Data supplied

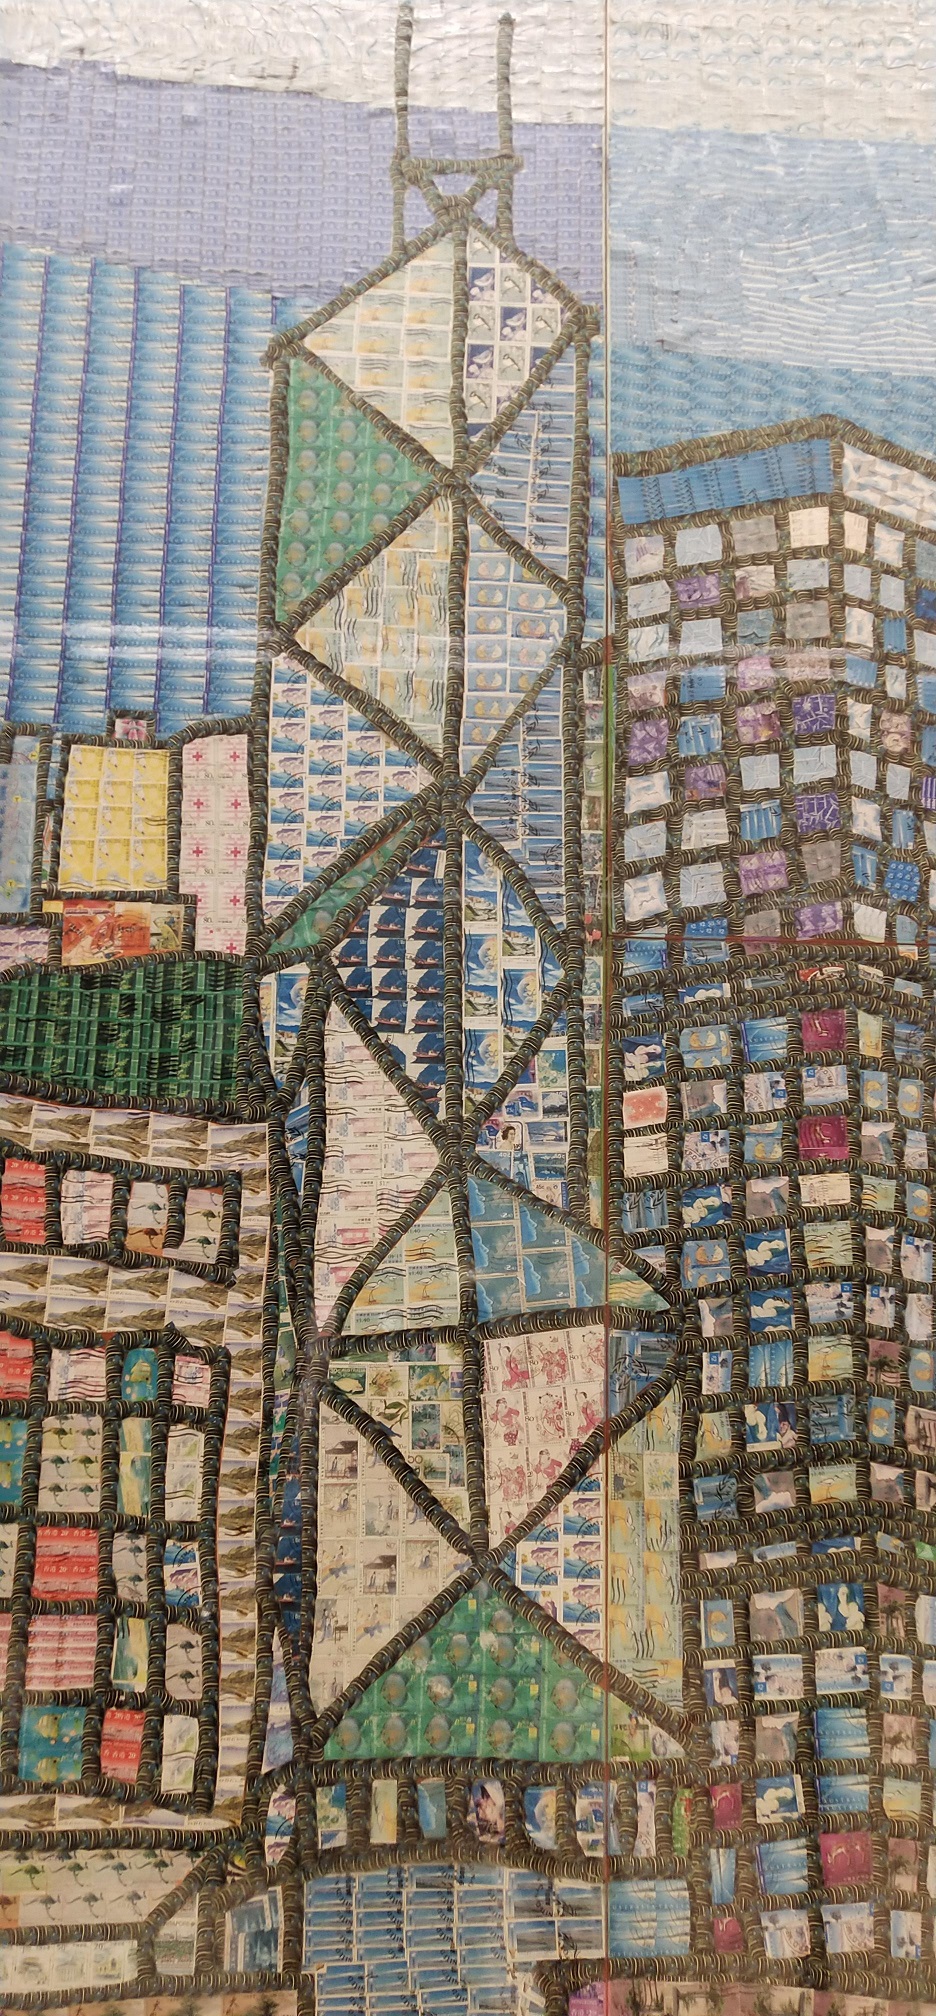 Bank of China in the mosaic by stamp
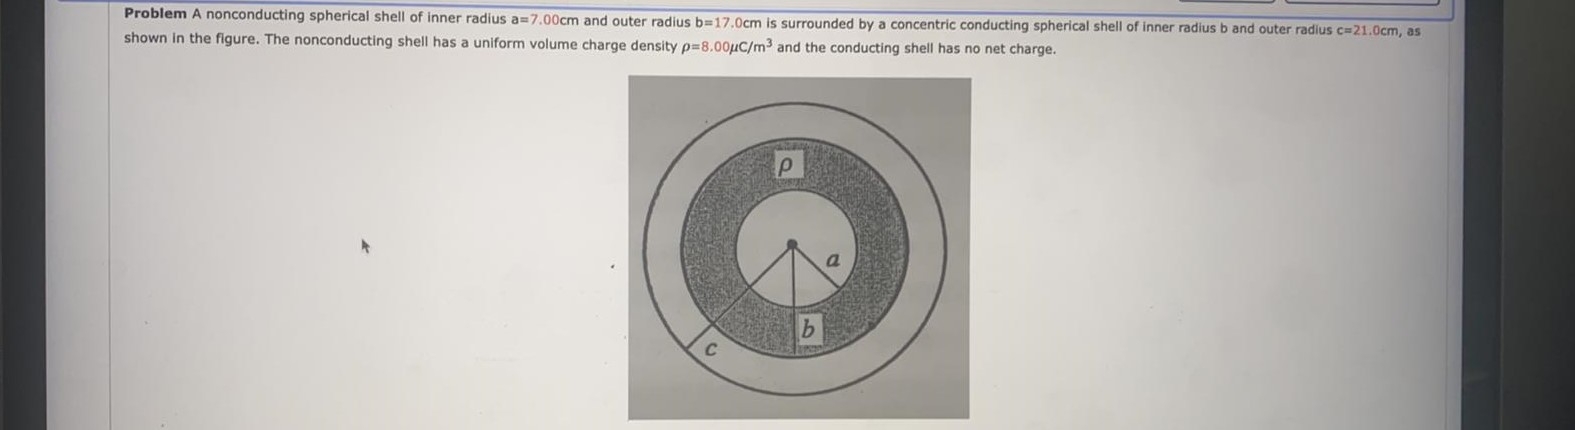 Problem A nonconducting spherical shell of inner radius a=7.00cm and outer radius b=17.0cm is surrounded by a concentric conducting spherical shell of inner radius b and outer radius c=21.0cm, as
shown in the figure. The nonconducting shell has a uniform volume charge density p-8.00µC/m3 and the conducting shell has no net charge.
C
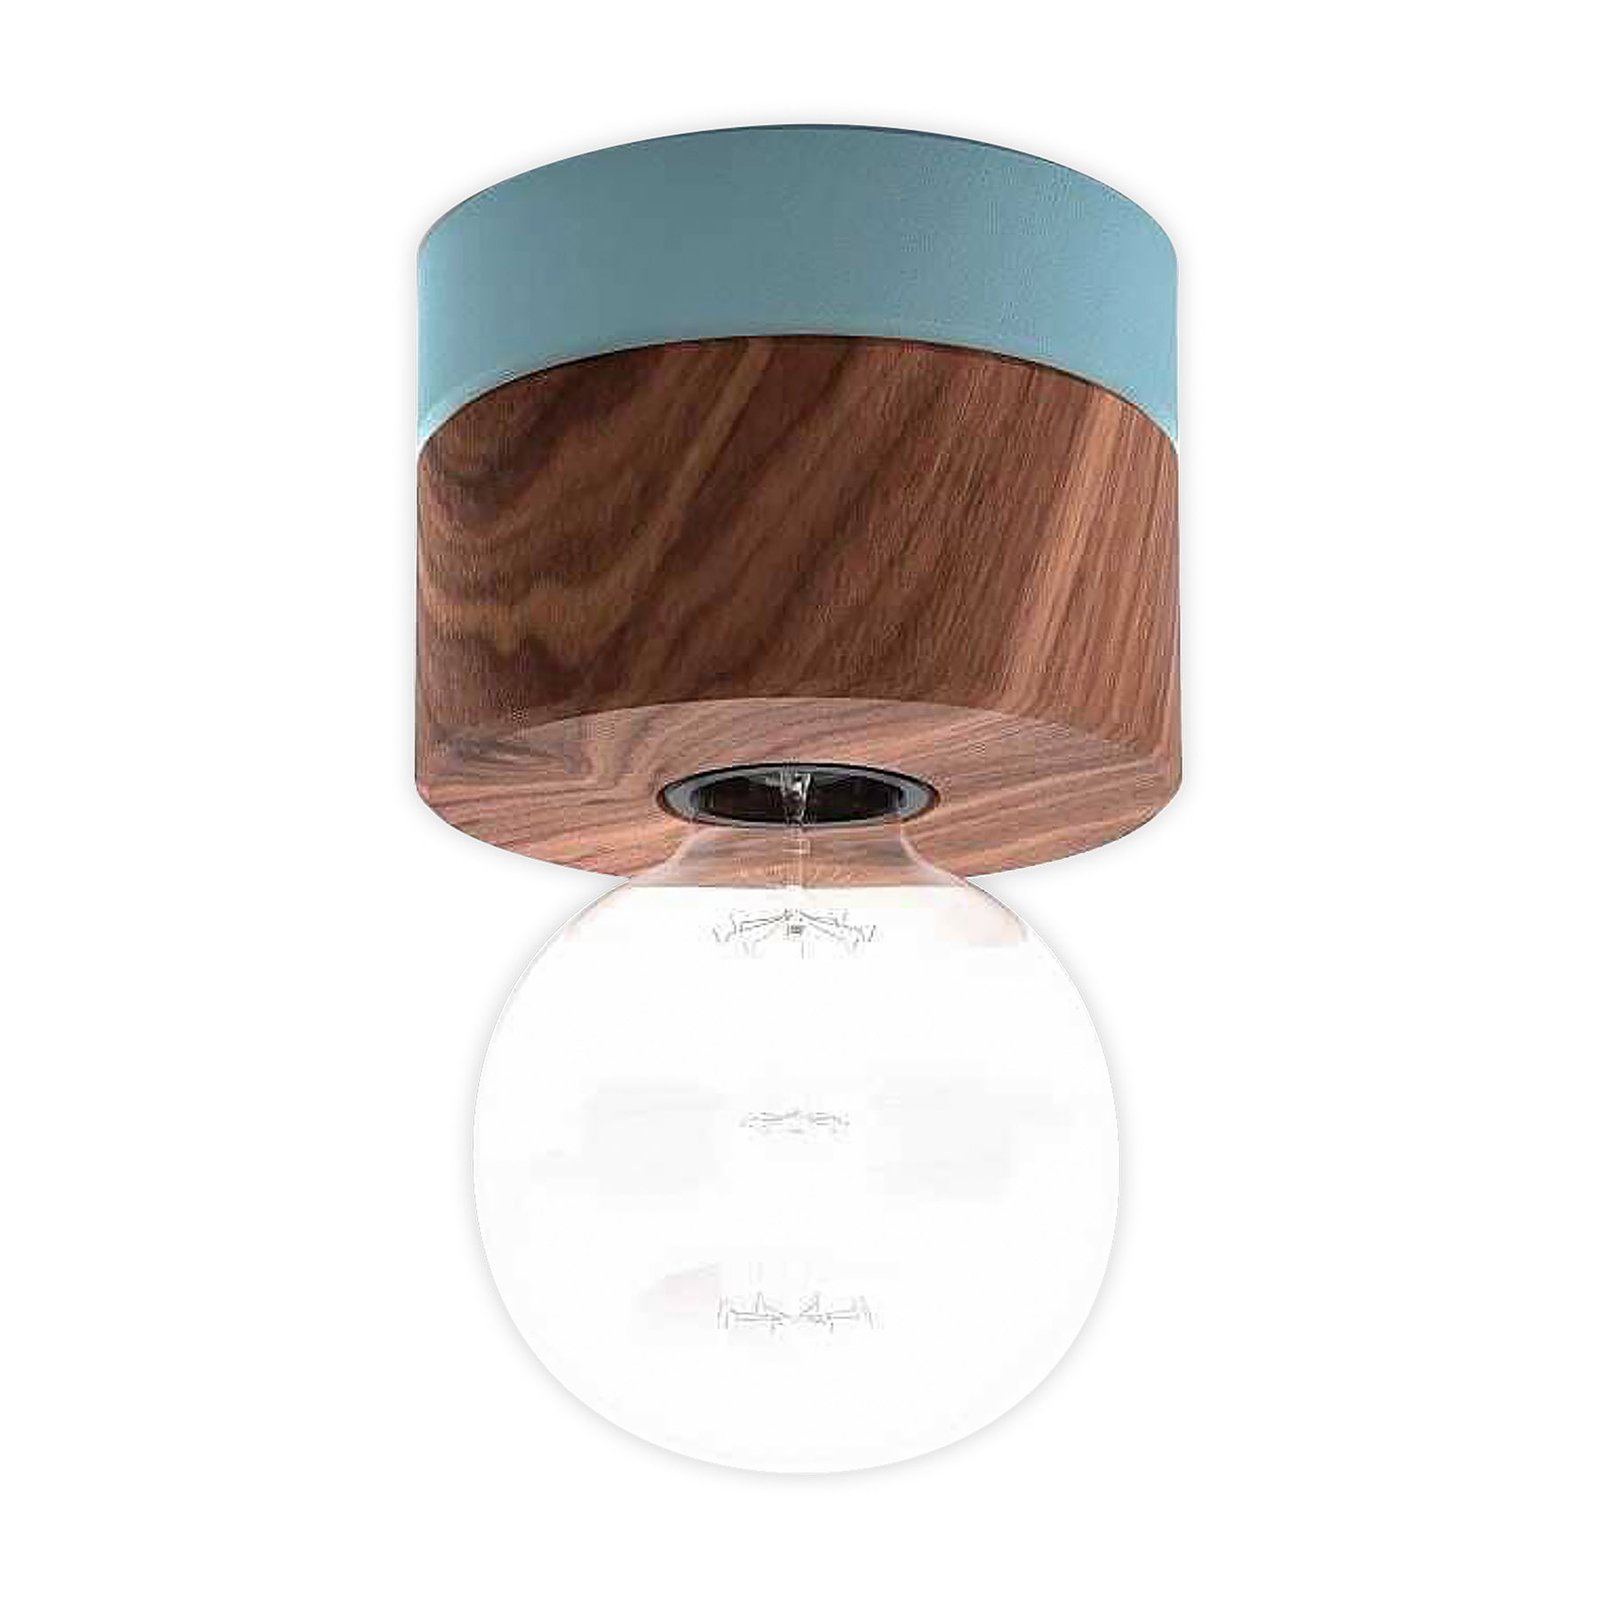 ALMUT 0239 ceiling lamp, sustainable, walnut/blue

Activity
Copy out the whole listing exactly, and don't carry over any pictures.

Reply to the task
 Bank of China in the mosaic by stamp
 Problem A nonconducting spherical shell of inner radius a=7.00cm and outer radius b=17.0cm is surrounded by a concentric conducting spherical shell of inner radius b and outer radius c=21.0cm, as
shown in the figure. The nonconducting shell has a uniform volume charge density p-8.00µC/m3 and the conducting shell has no net charge.
C
 ALMUT 0239 ceiling lamp, sustainable, walnut/blue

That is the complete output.